== ABOUT THIS TASK ==
Transcribe the material verbatim, starting at its first line and stopping once the line containing "60A 600V Fast" has been given; no picture should appear.

== DATA SEGMENT ==
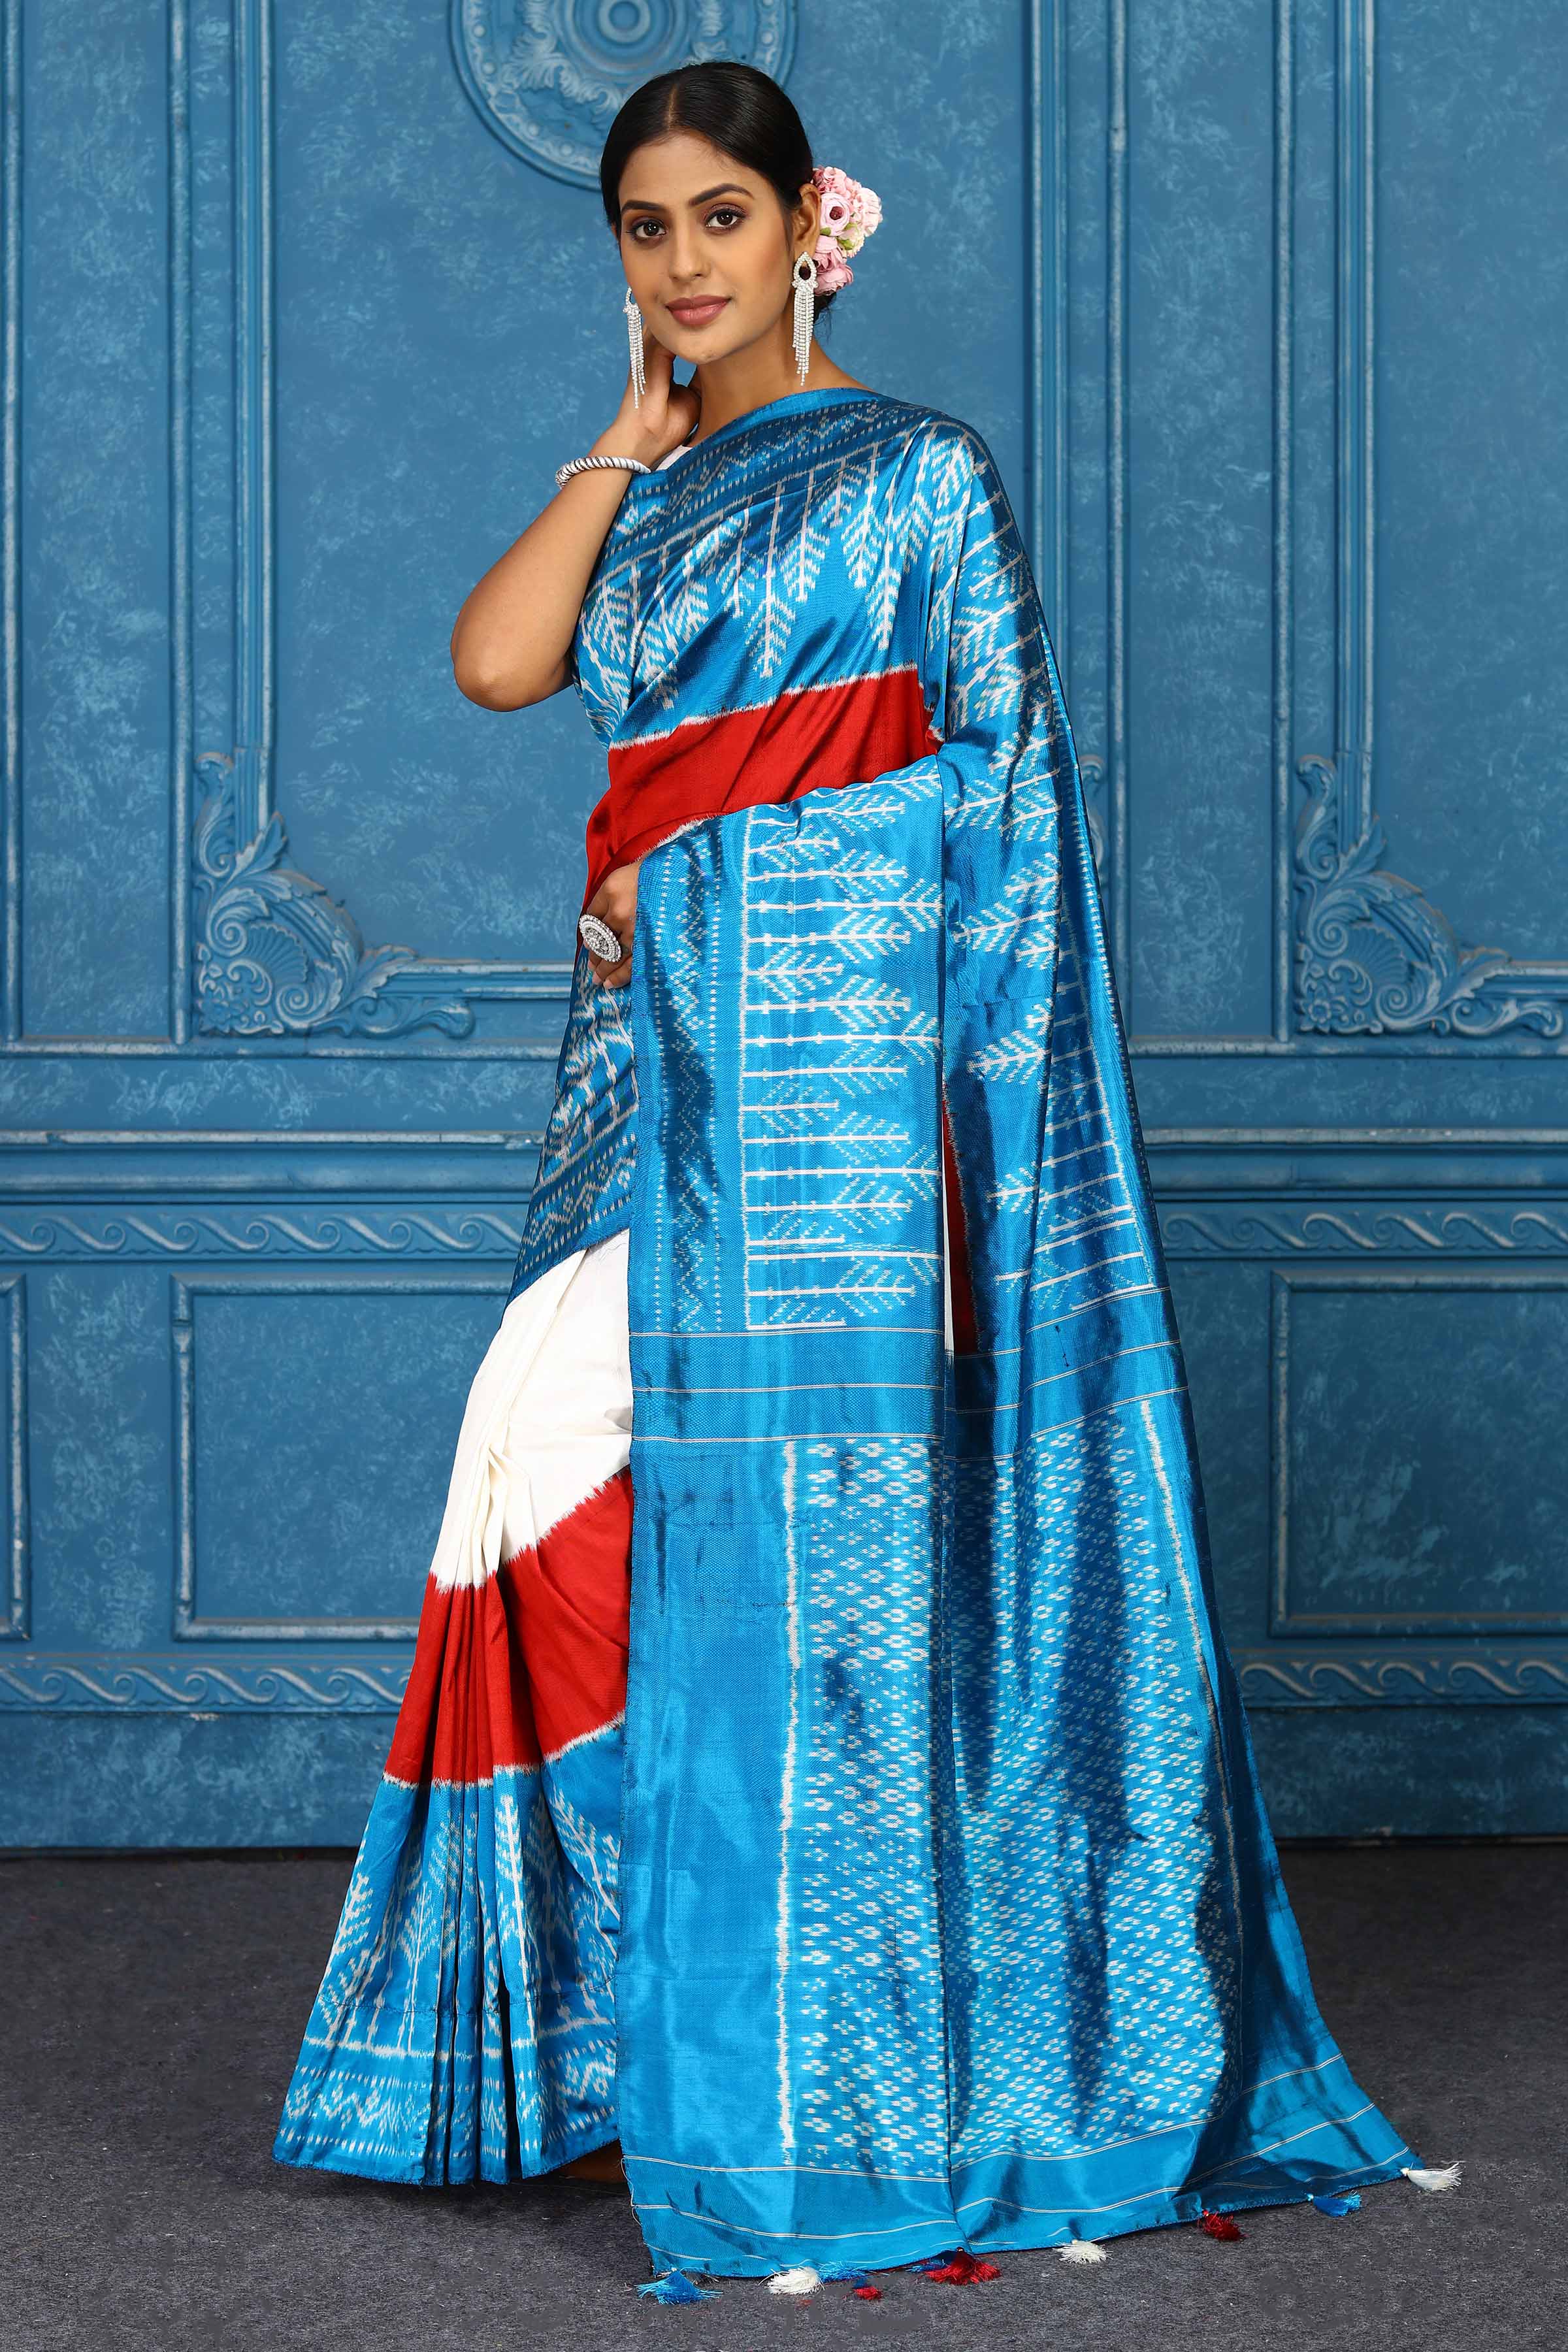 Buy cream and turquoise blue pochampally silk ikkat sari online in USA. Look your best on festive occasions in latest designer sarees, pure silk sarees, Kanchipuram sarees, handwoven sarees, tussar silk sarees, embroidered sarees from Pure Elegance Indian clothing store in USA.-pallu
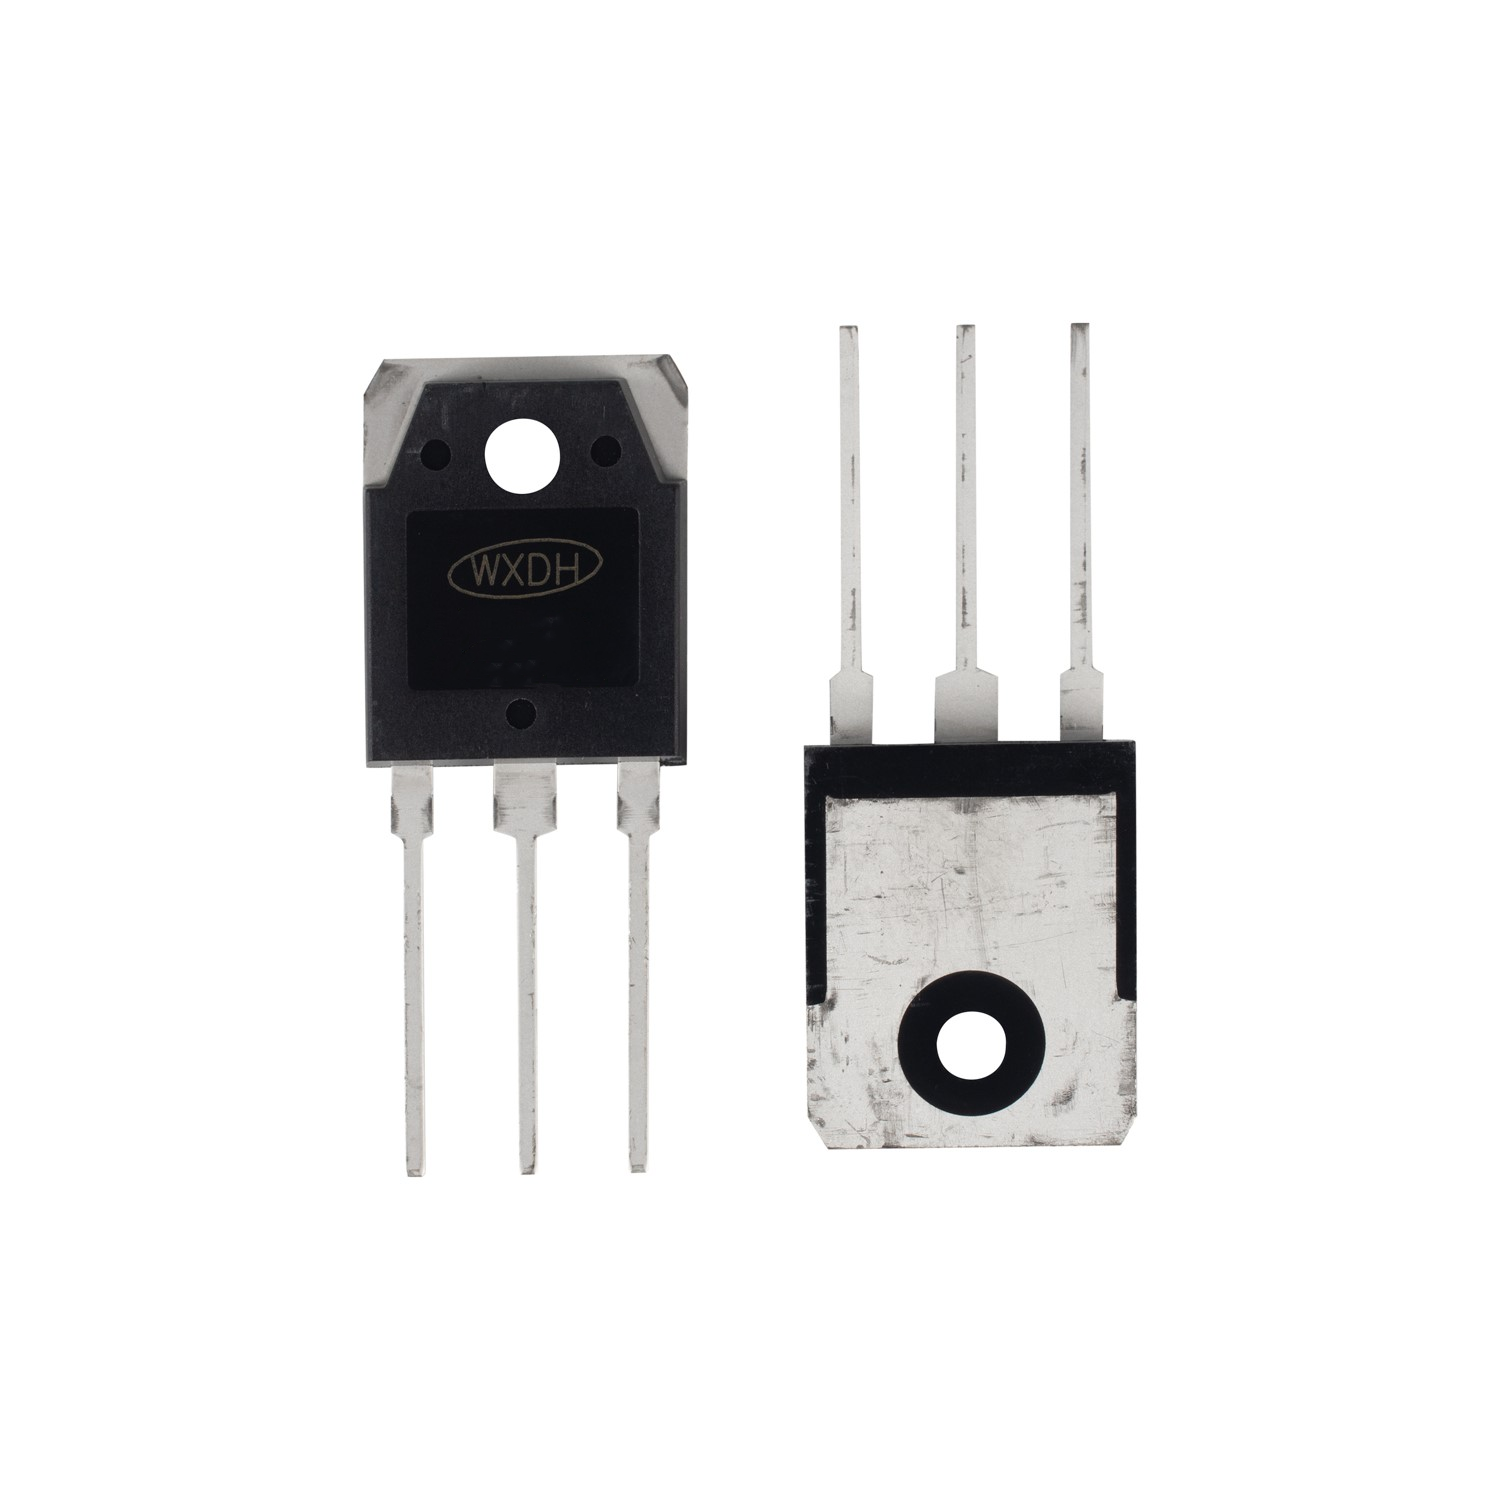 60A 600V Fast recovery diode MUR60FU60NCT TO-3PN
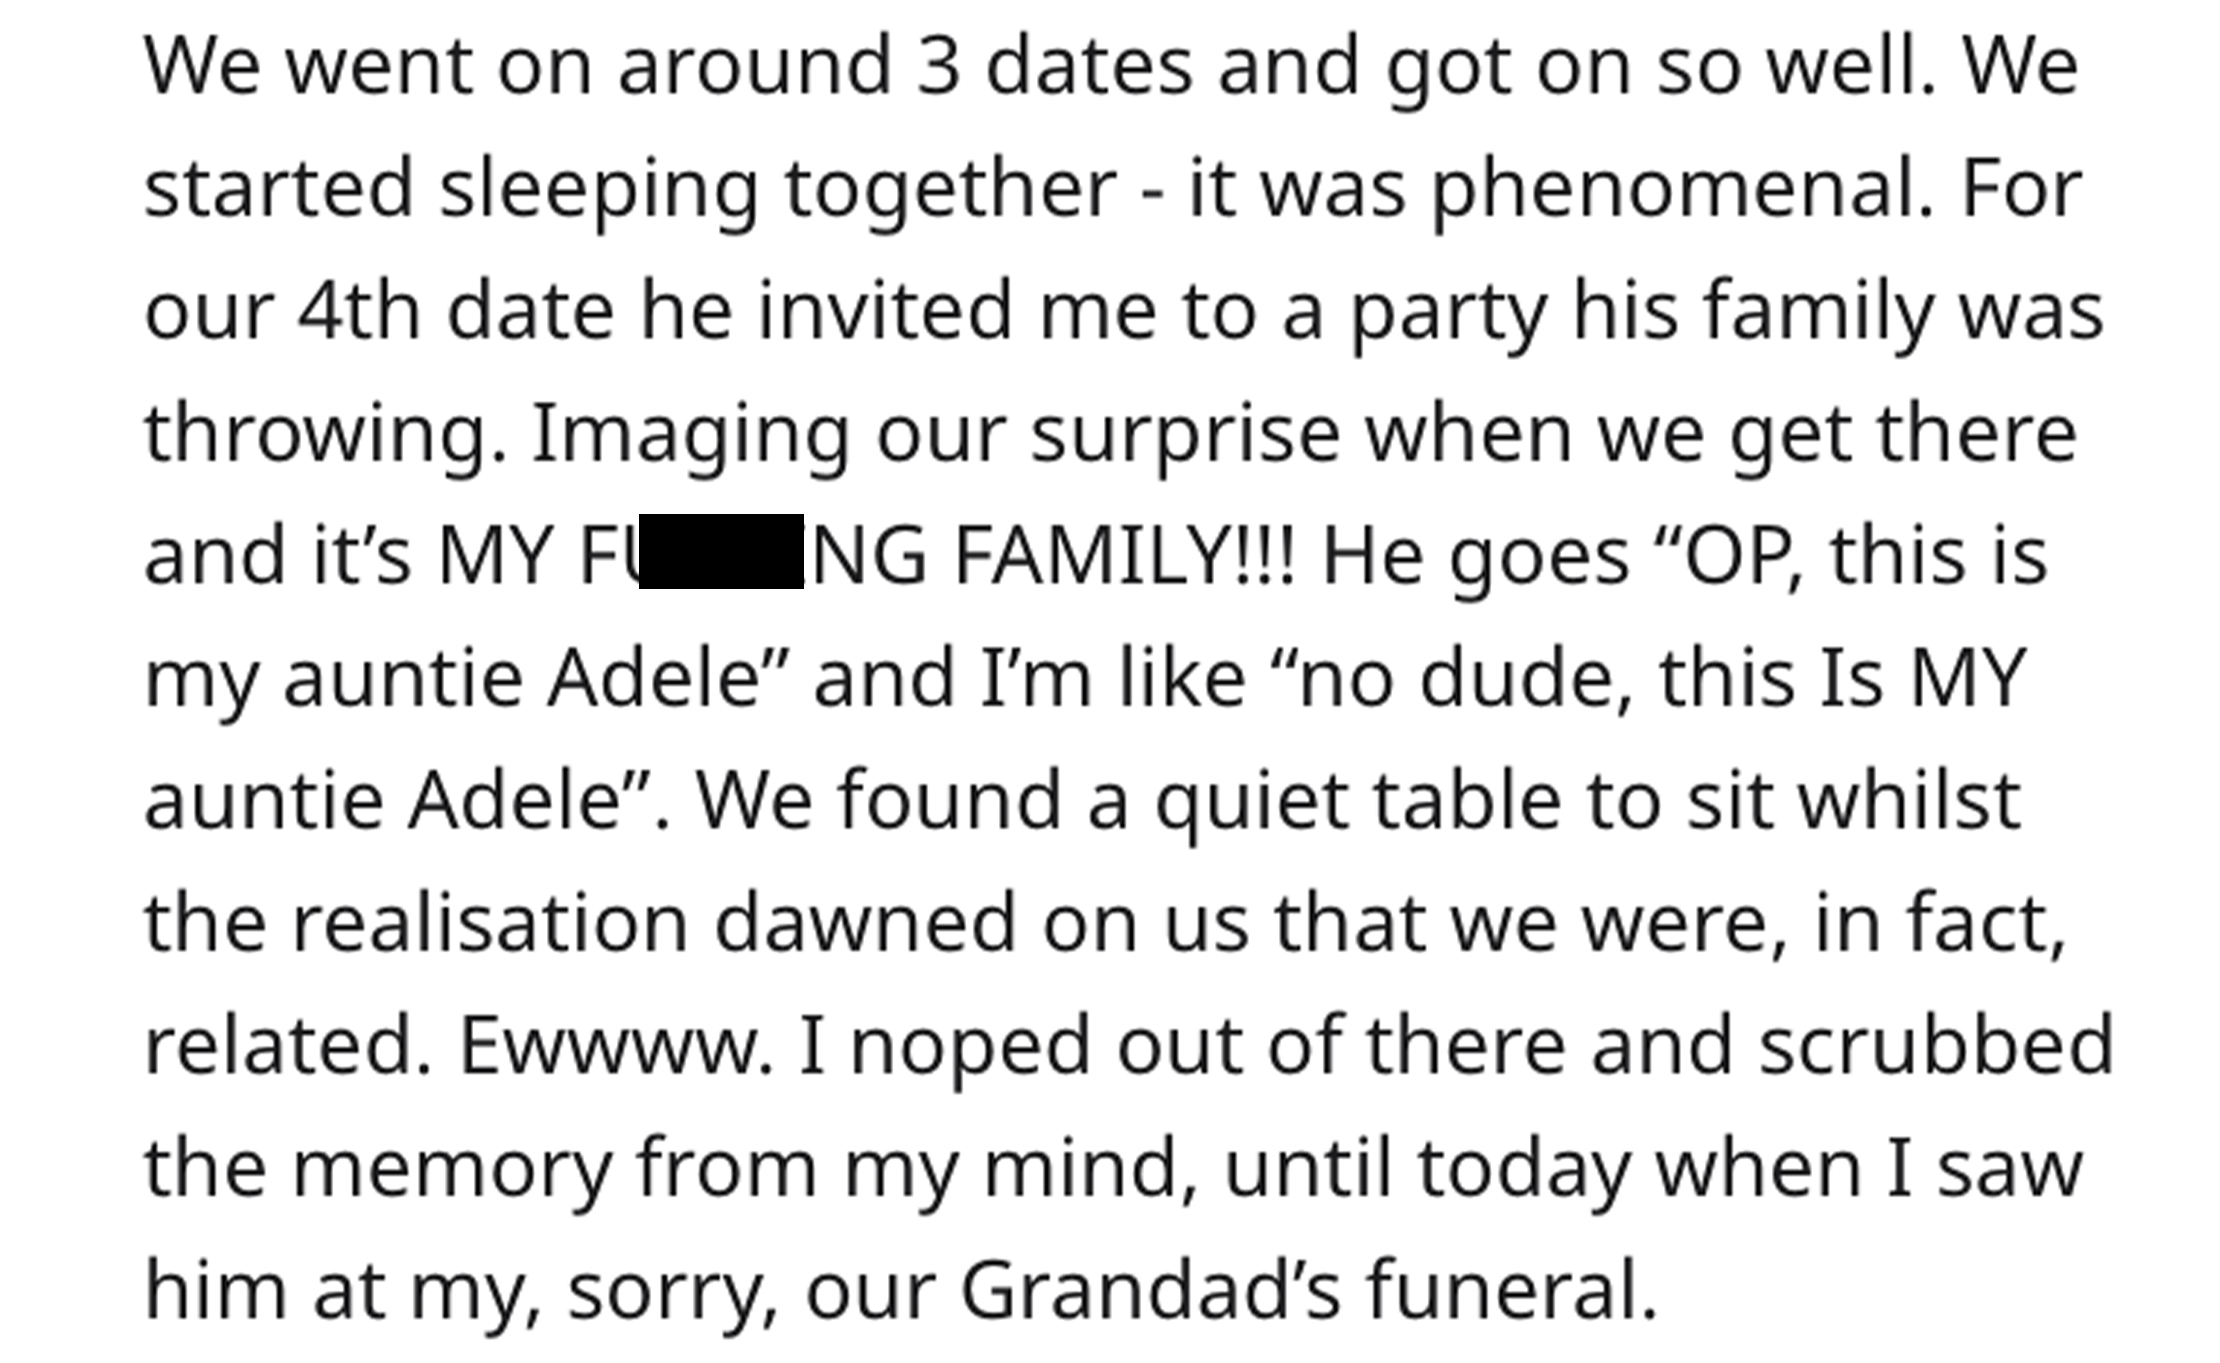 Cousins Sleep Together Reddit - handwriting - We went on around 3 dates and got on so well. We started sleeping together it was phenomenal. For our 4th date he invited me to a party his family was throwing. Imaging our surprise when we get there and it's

== WRITTEN ANSWER ==
 Buy cream and turquoise blue pochampally silk ikkat sari online in USA. Look your best on festive occasions in latest designer sarees, pure silk sarees, Kanchipuram sarees, handwoven sarees, tussar silk sarees, embroidered sarees from Pure Elegance Indian clothing store in USA.-pallu
 60A 600V Fast recovery diode MUR60FU60NCT TO-3PN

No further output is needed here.